#### Work item:
Output nothing but the line containing "Shredder Thermal Anti Fog Balaclava 22 KI 6" and the lines after it through the end of the material below, each reproduced exactly.

#### Supplied information:
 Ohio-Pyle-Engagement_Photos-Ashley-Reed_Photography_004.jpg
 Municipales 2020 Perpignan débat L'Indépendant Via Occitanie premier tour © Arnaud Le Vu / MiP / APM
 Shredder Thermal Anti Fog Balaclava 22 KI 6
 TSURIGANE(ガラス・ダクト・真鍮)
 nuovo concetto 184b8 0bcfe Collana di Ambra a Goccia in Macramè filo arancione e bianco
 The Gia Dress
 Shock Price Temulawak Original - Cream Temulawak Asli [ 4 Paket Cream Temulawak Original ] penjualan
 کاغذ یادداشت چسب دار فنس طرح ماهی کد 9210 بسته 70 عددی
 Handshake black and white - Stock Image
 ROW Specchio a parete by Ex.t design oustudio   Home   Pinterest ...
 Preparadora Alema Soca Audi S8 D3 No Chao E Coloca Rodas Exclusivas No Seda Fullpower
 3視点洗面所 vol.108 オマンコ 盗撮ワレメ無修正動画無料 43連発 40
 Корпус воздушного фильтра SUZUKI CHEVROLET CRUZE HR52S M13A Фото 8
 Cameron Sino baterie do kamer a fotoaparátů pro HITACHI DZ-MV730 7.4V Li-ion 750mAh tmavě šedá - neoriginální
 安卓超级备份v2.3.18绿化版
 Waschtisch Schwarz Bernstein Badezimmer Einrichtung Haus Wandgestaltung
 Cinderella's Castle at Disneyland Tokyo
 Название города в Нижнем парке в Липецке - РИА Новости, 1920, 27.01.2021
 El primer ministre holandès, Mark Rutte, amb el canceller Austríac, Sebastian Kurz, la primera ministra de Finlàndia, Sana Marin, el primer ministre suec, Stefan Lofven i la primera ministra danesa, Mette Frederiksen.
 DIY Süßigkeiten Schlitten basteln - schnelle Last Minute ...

#### Written solution:
 Shredder Thermal Anti Fog Balaclava 22 KI 6
 TSURIGANE(ガラス・ダクト・真鍮)
 nuovo concetto 184b8 0bcfe Collana di Ambra a Goccia in Macramè filo arancione e bianco
 The Gia Dress
 Shock Price Temulawak Original - Cream Temulawak Asli [ 4 Paket Cream Temulawak Original ] penjualan
 کاغذ یادداشت چسب دار فنس طرح ماهی کد 9210 بسته 70 عددی
 Handshake black and white - Stock Image
 ROW Specchio a parete by Ex.t design oustudio   Home   Pinterest ...
 Preparadora Alema Soca Audi S8 D3 No Chao E Coloca Rodas Exclusivas No Seda Fullpower
 3視点洗面所 vol.108 オマンコ 盗撮ワレメ無修正動画無料 43連発 40
 Корпус воздушного фильтра SUZUKI CHEVROLET CRUZE HR52S M13A Фото 8
 Cameron Sino baterie do kamer a fotoaparátů pro HITACHI DZ-MV730 7.4V Li-ion 750mAh tmavě šedá - neoriginální
 安卓超级备份v2.3.18绿化版
 Waschtisch Schwarz Bernstein Badezimmer Einrichtung Haus Wandgestaltung
 Cinderella's Castle at Disneyland Tokyo
 Название города в Нижнем парке в Липецке - РИА Новости, 1920, 27.01.2021
 El primer ministre holandès, Mark Rutte, amb el canceller Austríac, Sebastian Kurz, la primera ministra de Finlàndia, Sana Marin, el primer ministre suec, Stefan Lofven i la primera ministra danesa, Mette Frederiksen.
 DIY Süßigkeiten Schlitten basteln - schnelle Last Minute ...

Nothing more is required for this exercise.